Department of Medicine, New Jersey Medical School – UMDNJ, Newark, NJ; Cepheid, Sunnyvale, CA; Foundation for Innovative New Diagnostics, Geneva, Switzerland; Pham Ngoc Thach Hospital, Ho Chi Minh City, Vietnam; Montefiore Medical Center, Bronx, NY; Department of Pathology, New Jersey Medical School – UMDNJ, Newark, NJ; Makerere University - UMDNJ Research Collaboration, Kampala, Uganda; Department of Medicine, Makerere University School of Medicine, Kampala, Uganda

^* To whom correspondence should be addressed. Email: allandda{at}umdnj.edu.

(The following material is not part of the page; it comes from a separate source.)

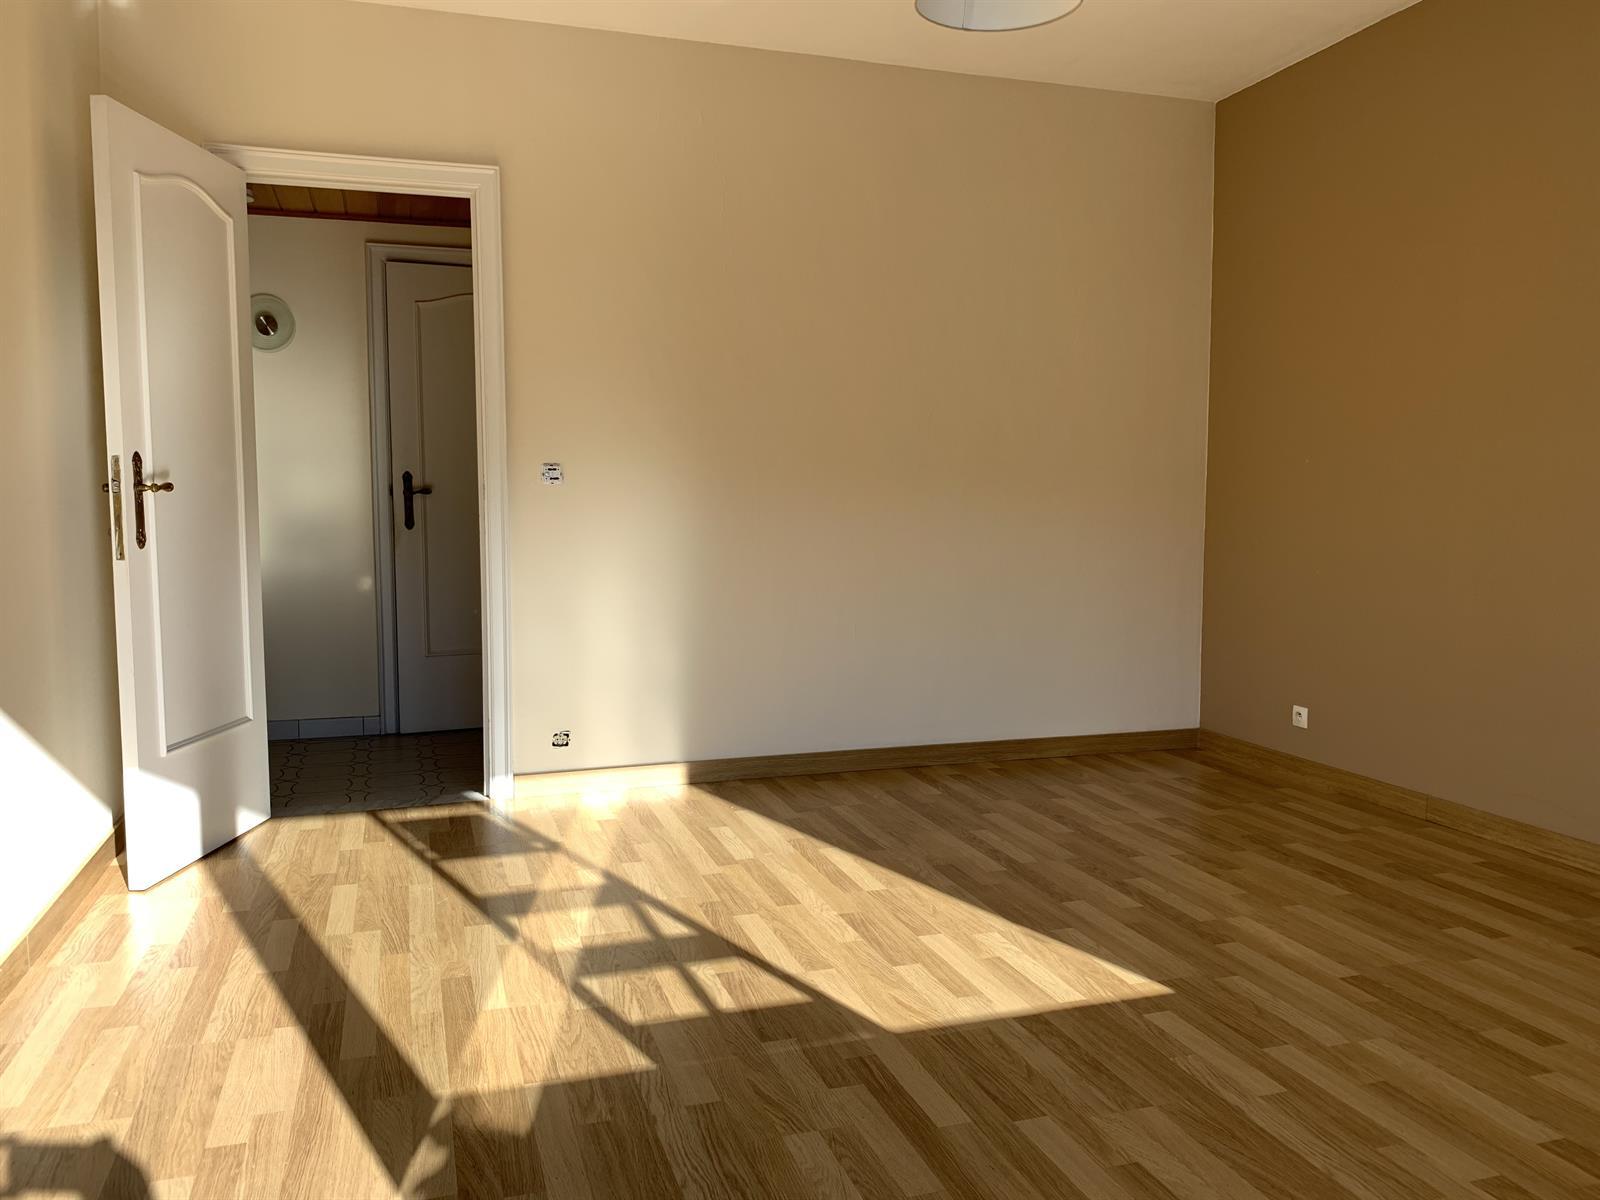 Appartement - Woluwe-Saint-Pierre - #4283207-8
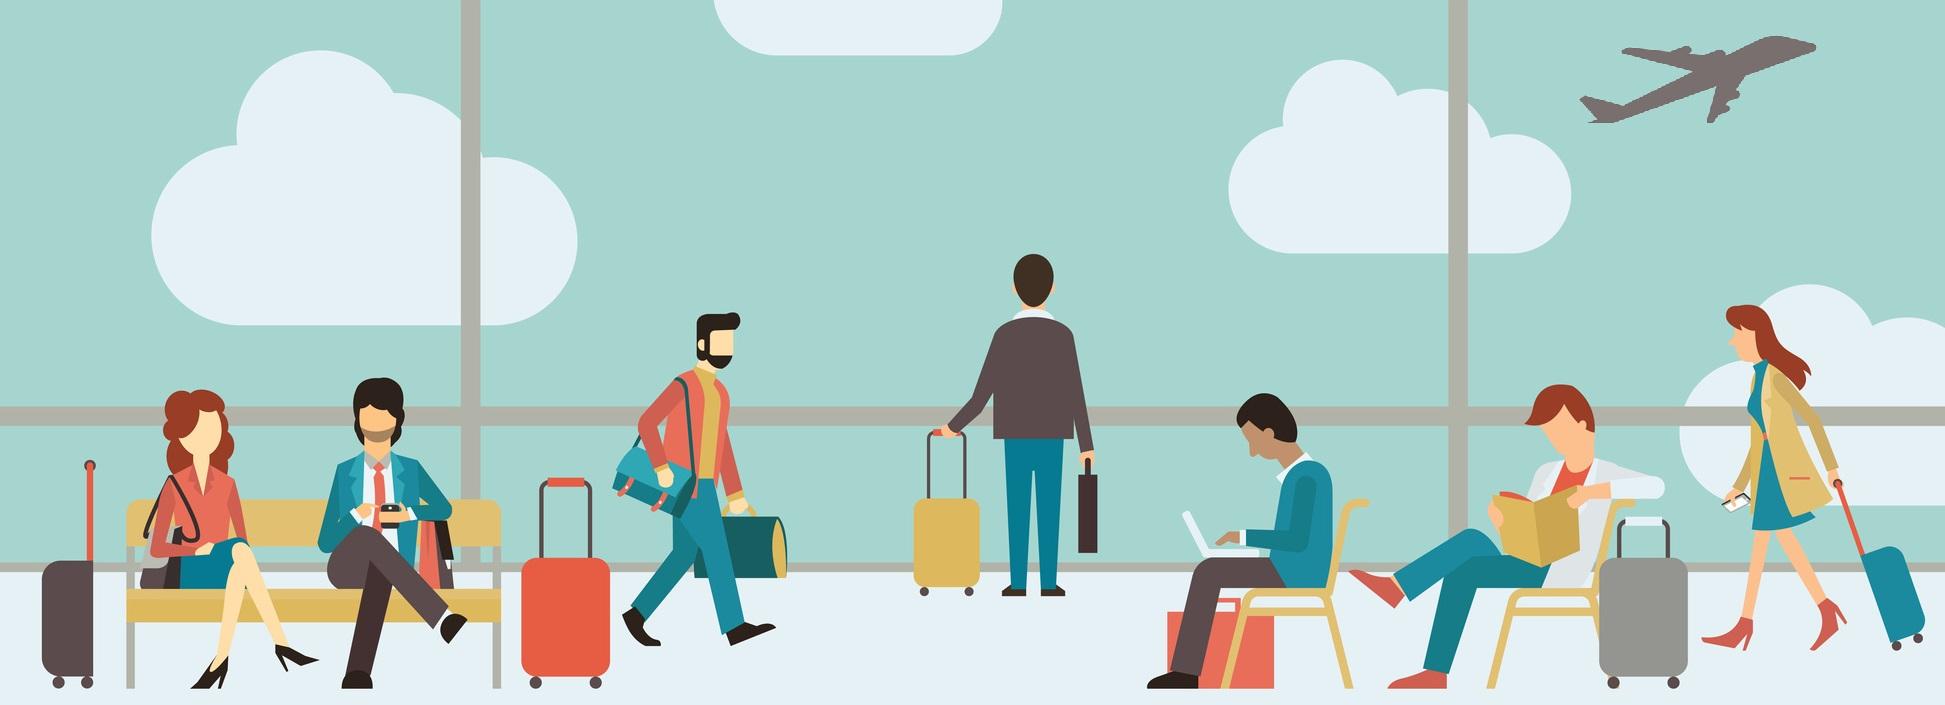 visa express documents services d 39 obtention de visas d 39 affaires et de tourisme russia china. Black Bedroom Furniture Sets. Home Design Ideas

Current nucleic acid amplification methods to detect Mycobacterium tuberculosis are complex, labor-intensive and technically-challenging. We developed and performed the first analysis of the Cepheid Xpert MTB/RIF Assay, an integrated hands-free sputum-processing and real-time PCR system with rapid on-demand, near-patient technology, to simultaneously detect M. tuberculosis and rifampin-resistance. Analytic tests of M. tuberculosis DNA demonstrated a limit of detection (LOD) of 4.5 genomes per reaction. Studies using sputum spiked with known numbers of M. tuberculosis colony forming units (cfu) predicted a clinical LOD of 131 cfu/mL. Killing studies showed that the assay's buffer decreased M. tuberculosis viability by at least 8 logs, substantially reducing biohazards. Tests of 23 different commonly-occurring rifampin-resistance mutations demonstrated that all 23 (100%) would be identified as rifampin-resistant. An analysis of 20 non-tuberculosis mycobacteria species confirmed high assay specificity. A small clinical validation study of 107 clinical sputum samples from suspected tuberculosis cases in Vietnam detected 29/29 (100%) smear-positive culture-positive cases, and 22/39 (84.6%) or 38/53 (71.7%) smear-negative culture-positive cases, as determined by growth on solid media or both solid and liquid media, respectively. M. tuberculosis was not detected in 25/25 (100%) of the culture-negative samples. A study of 64 smear-positive culture-positive sputa from retreatment tuberculosis cases in Uganda detected 63/64 (98.4%) culture-positive cases and 9/9 (100%) cases of rifampin-resistance. Rifampin-resistance was excluded in 54/55 (98.2%) susceptible cases. Specificity rose to 100% after correcting for a conventional susceptibility test error. In conclusion, this highly-sensitive and simple-to-use system can detect M. tuberculosis directly from sputum in under two hours.